5 sequences are included in 2 blocks

            LipocalA, width = 15 LipocalB, width = 11     
 BBP_PIEBR    16 NFDWSNYHGKWWEVA (  70)   101 VLSTDNKNYII
ICYA_MANSE    17 DFDLSAFAGAWHEIA (  73)   105 VLATDYKNYAI
LACB_BOVIN    25 GLDIQKVAGTWYSLA (  70)   110 VLDTDYKKYLL
MUP2_MOUSE    27 NFNVEKINGEWHTII (  68)   110 IPKTDYDNFLM
RETB_BOVIN    14 NFDKARFAGTWYAMA (  77)   106 IIDTDYETFAV
Since approximately the same two blocks are reported using both MOTIF and GIBBS and include all 5 sequences submitted, it is very likely that these blocks represent correct alignments. Indeed, Lawrence et al (5) indicate that these alignments are identical to those determined from analysis of the 3-dimensional structures of these proteins, and that these 2 regions are the only ones in common for the group. Notice, however, that MOTIF apparently aligned MUP2_MOUSE incorrectly in the B block.
Please note that, because the GIBBS algorithm is non-deterministic, (using randomly determined starting points) the GIBBS results may differ when the same sequences are submitted repeatedly. Although Block Maker will always use the same seed for the random number generator and always sorts the sequences alphabetically by name, a small change to the sequences (even changing a sequence name and thus its order in the input presented to GIBBS) can change the results.
Blocks are also returned in a "Searchable" format for the BLIMPS searching program, which will search a block against a sequence database. BLIMPS is available by anonymous ftp from the NCBI repository:
	ftp ncbi.nlm.nih.gov
	login: anonymous
	cd repository/blocks/unix/blimps
Return to top

How blocks are made

PROTOMAT (1) is based on a 2-step system for finding a best set of blocks representing a group of related proteins. The first step finds candidate alignments and the second step extends the alignments, then sorts them in such a way that a best set ("best path") is chosen. Since 1991, the first step employed a modified version of Hamilton Smith's MOTIF program (4). MOTIF exhaustively examines all spaced triplets out to a maximum distance for their presence in at least a subset of sequences. For example, one spaced triplet is Ala-Ala-Ala, another is Ala-x-Ala-Ala and another is Val-x(16)-Ala-x(7)-Cys where x represents any amino acid. A spaced triplet found in enough sequences provides an alignment against which the sequences lacking the triplet can be aligned to maximize a block score, which is determined using an amino acid substitution matrix (currently Blosum 62). To maximize the sensitivity of MOTIF, we allow the subset of sequences to be so small that some spaced triplets would be found even for shuffled sequences. The best alignments are passed on to the second step (MOTOMAT) which 1) merges overlapping triplets, 2) extends alignments to provide the highest-scoring blocks that still contain the triplet, and 3) determines the best set of blocks, where the blocks are all in the right order without overlapping for the largest subset of sequences in the group. MOTOMAT does not realign sequences that fail to conform, but rather discards them. We have found MOTIF-MOTOMAT to be very effective in finding motifs for even the most distantly related groups, and this automated system is the basis for the current Blocks Database, which can be searched to detect distant relationships.
In 1993, a "Gibbs sampling strategy" was applied to the problem of finding motifs in groups of related sequences (5,6). This strategy picks random positions along all but one of the sequences and then tries to align the remaining sequence for best fit with the others. This procedure is reiterated a large number of times until the score is maximized, based on information content. False starts will fail to improve, whereas detection of a true pattern in even a small subset of sequences leads to rapid improvement in score.
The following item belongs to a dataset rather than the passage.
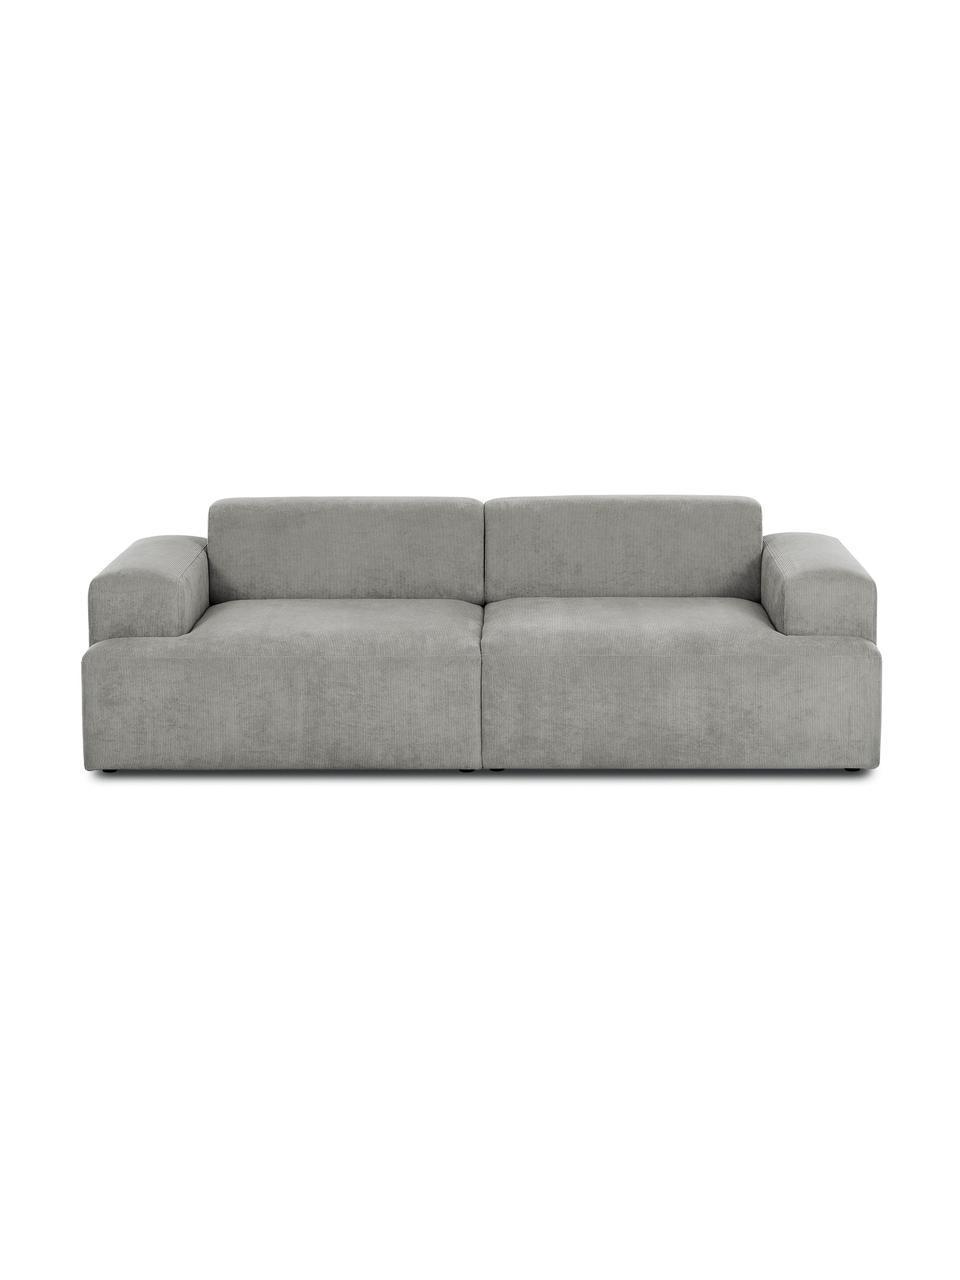 Sofa ze sztruksu Melva (3-osobowa), Tapicerka: sztruks (92% poliester, 8, Nogi: drewno sosnowe Nogi znajd, Sztruks szary, S 240 x G 101 cm

We have confirmed that this method works very well in practice for even very large groups, providing very similar alignments to what is obtained using MOTIF. However, there are limitations to this strategy, in that the number of blocks representing a group and the minimum width of each of the blocks must be specified in advance for each run. For typical families, which might have several blocks of different widths, it is extremely impractical to try all possible models of number of blocks (N) and minimum widths (W). In spite of this limitation, the sampling procedure is attractive for obtaining essentially optimal blocks which could provide a basis for accurate multiple alignment. Therefore, we have investigated its use as a motif finder to provide candidate blocks for MOTOMAT to extend, score and sort. We have developed an effective heuristic strategy for doing this, requiring only a small number of runs of the Gibbs sampling program and which can be carried out in a reasonable amount of time. This strategy inevitably makes compromises not necessary with MOTIF (which is more exhaustive with respect to block width and number) and sometimes misses blocks that MOTIF finds. Furthermore, GIBBS is much slower than MOTIF. However, we find that the resulting blocks are less likely to have errors, and that fewer sequences are discarded by MOTOMAT.
The complementary strengths and weaknesses of MOTIF-based and GIBBS-based motif-finding methods suggests that they can be compared to provide a "reality check". PROTOMAT will *ALWAYS* report blocks, even if random sequences are provided, so it's "garbage in, garbage out". We find that if sequences truly have motifs in common, then both runs yield similar, and sometimes identical sets of blocks. However, if sequences have nothing in common, we find that the two motif-finding algorithms pick up completely different garbage blocks.
It is important to realize that while blocks can be extremely useful for multi-sequence alignments the PROTOMAT system was not specifically designed for this purpose, but rather for database searching applications. So, occasional misalignments can be tolerated so long as the motifs are correctly identified for the large majority of sequences; in such cases the contributions from misaligned segments will be diluted out, and so searching performance will be affected only slightly. However, because of these occasional errors, we have refrained from recommending that the blocks be used directly for multi- sequence alignments. The ability of PROTOMAT to find blocks should not ordinarily be interpreted as evidence for homology, although the blocks can aid in the detection of motifs and in the determination of family relationships.
Return to top

References

If you find Block Maker useful, please cite:

0. Henikoff, S., Henikoff, J.G, Alford, W.J, and Pietrokovski, S. (1995), Automated construction and graphical presentation of protein blocks from unaligned sequences, Gene 163:GC17-26.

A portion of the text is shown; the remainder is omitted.